The suit stems from the U.S. Department of Education's decision to block an Obama-era rule that was put in place to protect students from being defrauded by for-profit colleges.
The gainful employment rule, which was designed to ensure that students could secure jobs with high enough incomes to pay off their student loans, was scheduled to go into effect in July. DeVos froze it and said a new rule would be crafted in its place.
DeVos' move to halt the gainful employment rule is yet another example of the Department of Education's efforts to roll back Obama-era policies, including the rights of transgender students and the way colleges investigate reports of sexual assault on campus. DeVos has claimed that the rules were "confusing" and encroached on local and state rights.
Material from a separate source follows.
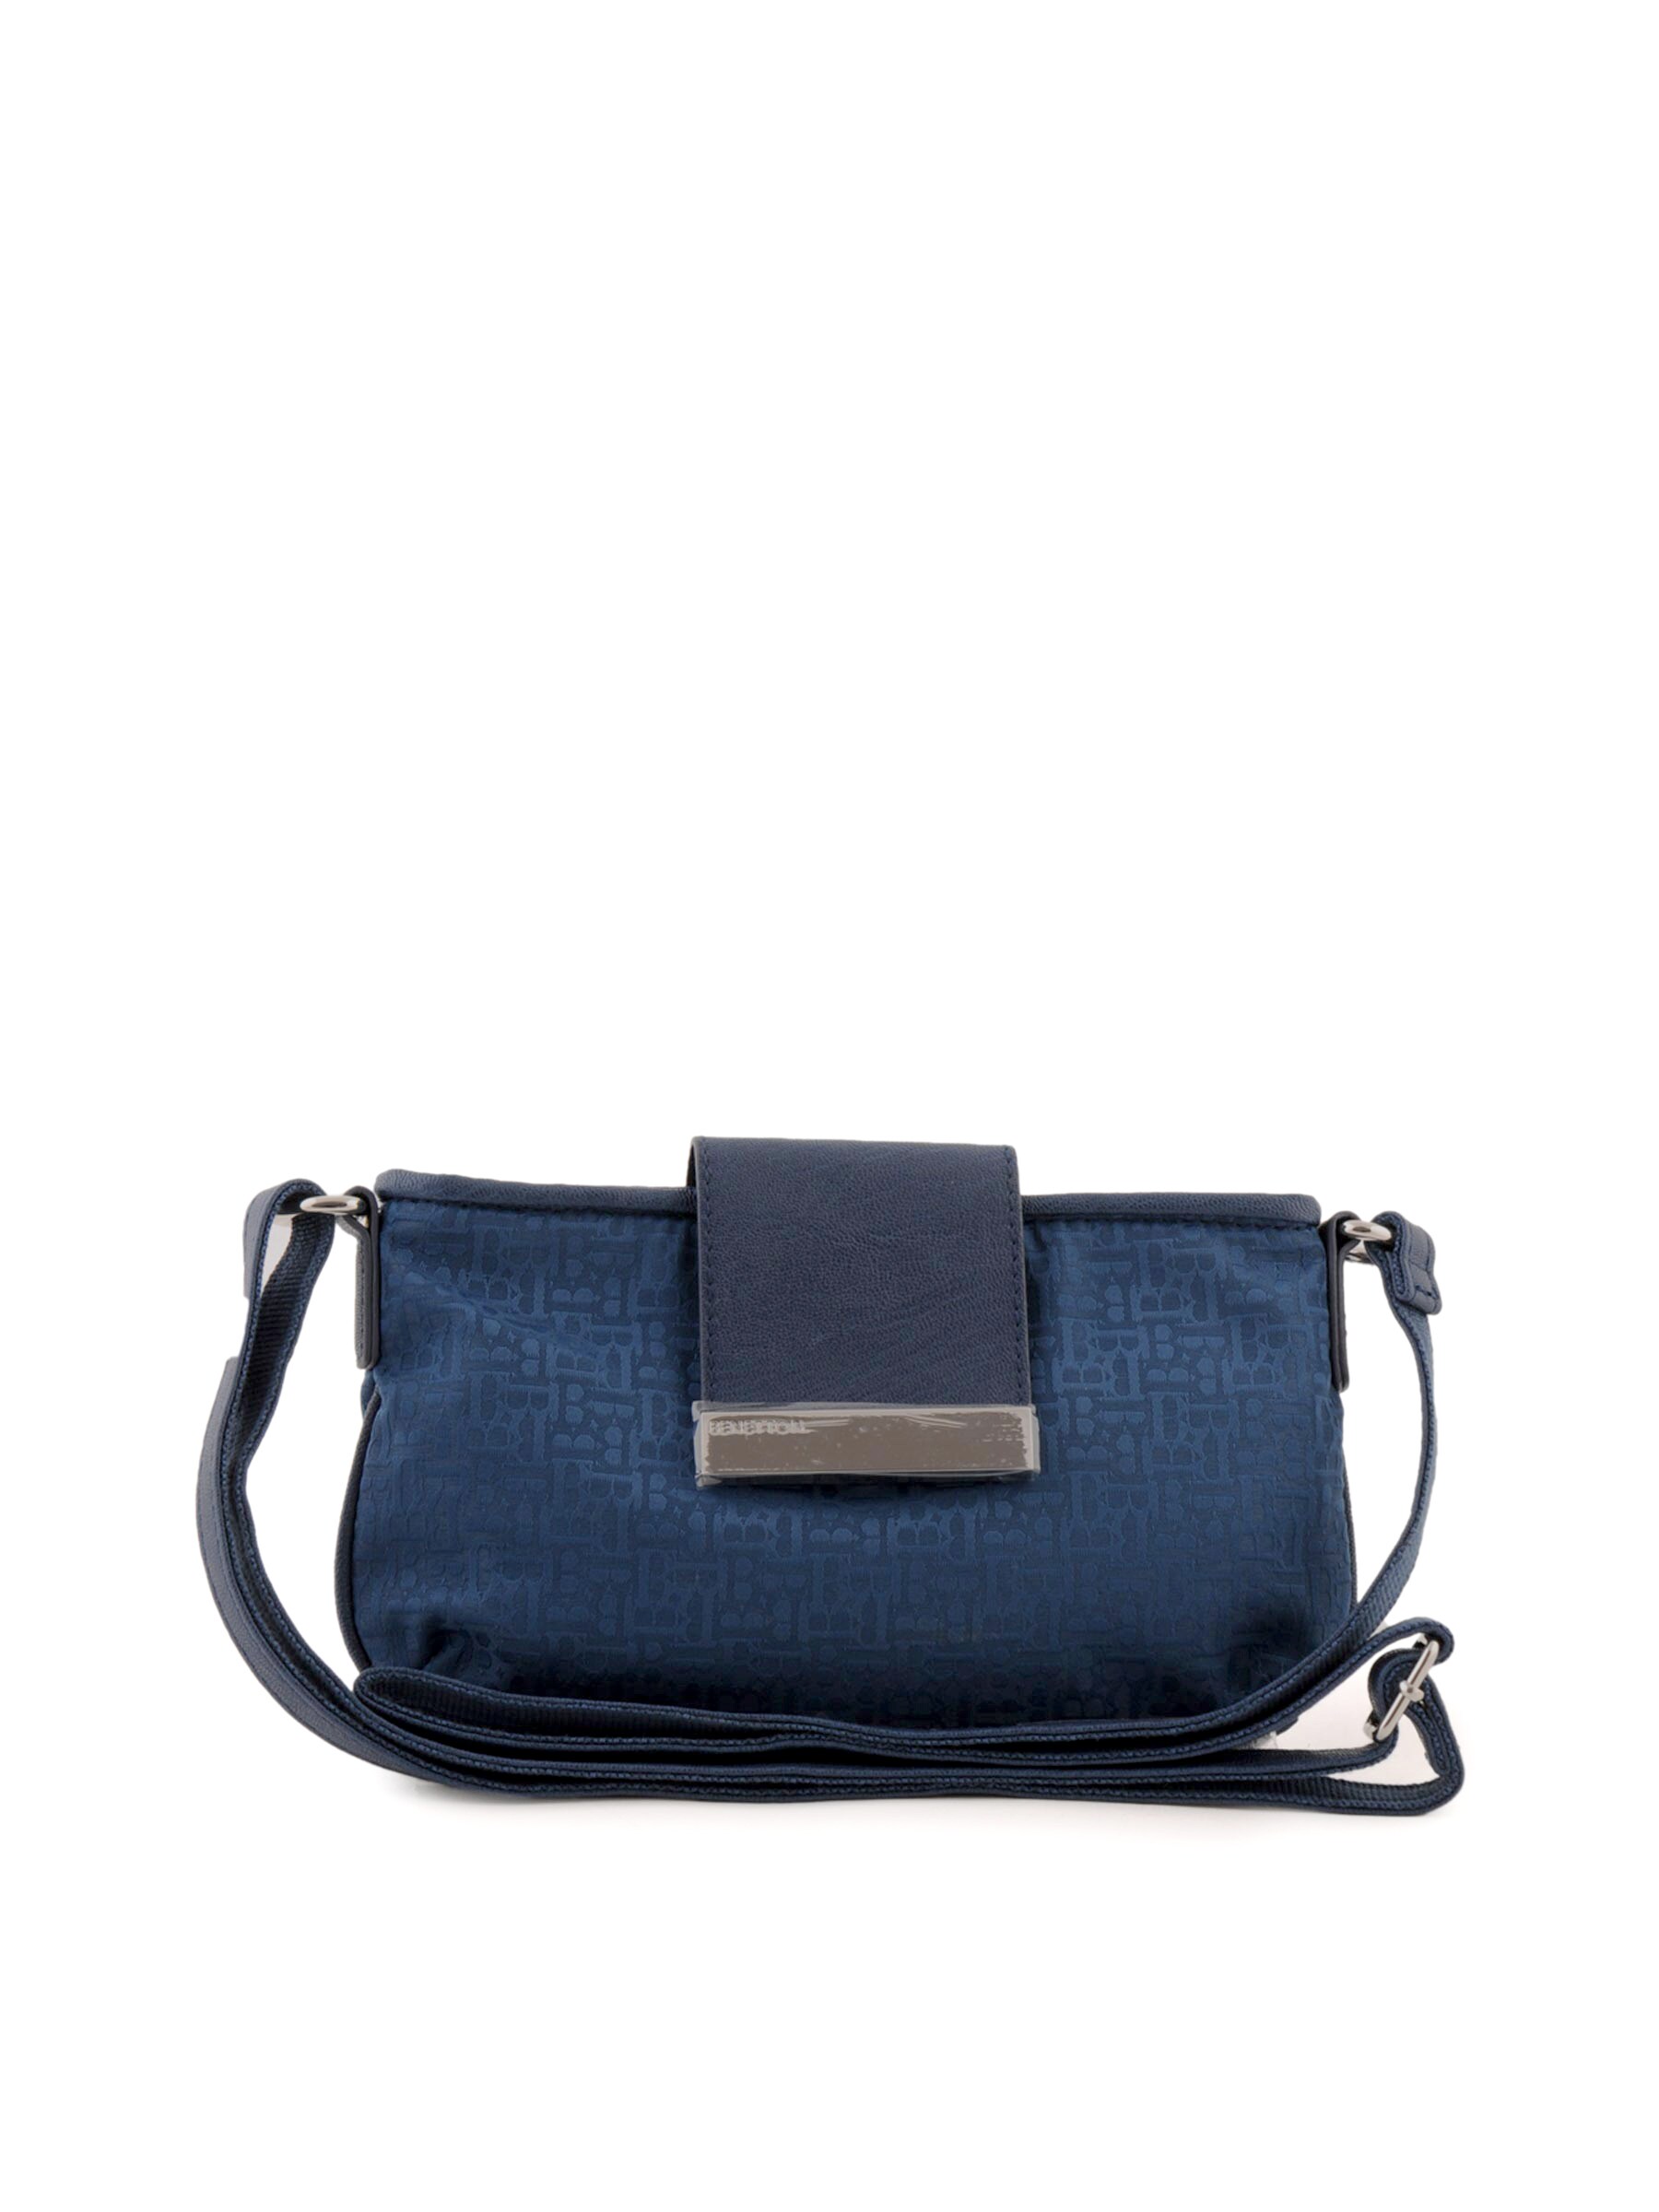 United Colors of Benetton Women Solid Blue Handbags

"The Department of Education is again eliminating crucial protections for student borrowers," Maryland Attorney General Brian Frosh said on Tuesday. Other states represented in the lawsuit, which was filed in federal court, include California, Connecticut, Delaware, Hawaii, Illinois, Iowa, Massachusetts, Minnesota, New York, North Carolina, Oregon, Rhode Island, Vermont, Virginia, and Washington.
"Students seek higher education degrees to get better, higher paying jobs," Frosh said in a statement. "When predatory institutions fail to deliver the education and training they promise, students are saddled with burdensome debt, and their employment prospects are not improved."
In response to the lawsuit, Education Department Press Secretary Liz Hill claimed DeVos is working to fix a "broken" system.
"This is just the latest in a string of frivolous lawsuits filed by Democratic attorneys general who are only seeking to score quick political points," Hill said in a statement. "While this administration, and Secretary DeVos in particular, continue work to replace this broken rule with one that actually protects students, these legal stunts do nothing more than divert time and resources away from that effort."
Contrary to the Education Department's statements, prominent education organizations have spoken out about the rollbacks of the Obama-era rules.
When DeVos announced her plans to revamp the Title IX regulations, National Education Association President Lily Eskelsen García issued the following statement: [Educators nationwide] are appalled that the Department of Education has decided to weaken protections for students who survive campus sexual assault or harassment. This decision offends our collective conscience and conflicts with the basic values of equality, safety, and respect that we teach our students every day."
Furthermore, studies have shown that 75% of transgender youth feel unsafe at school and 59% of trans students have been denied access to restrooms consistent with their gender identity. As a result, many of these students are bullied and are unable to focus on their education throughout the school day.
So, despite Hill's statements, rules put in place by the Obama administration were not merely political stunts: They were created to protect the most vulnerable students.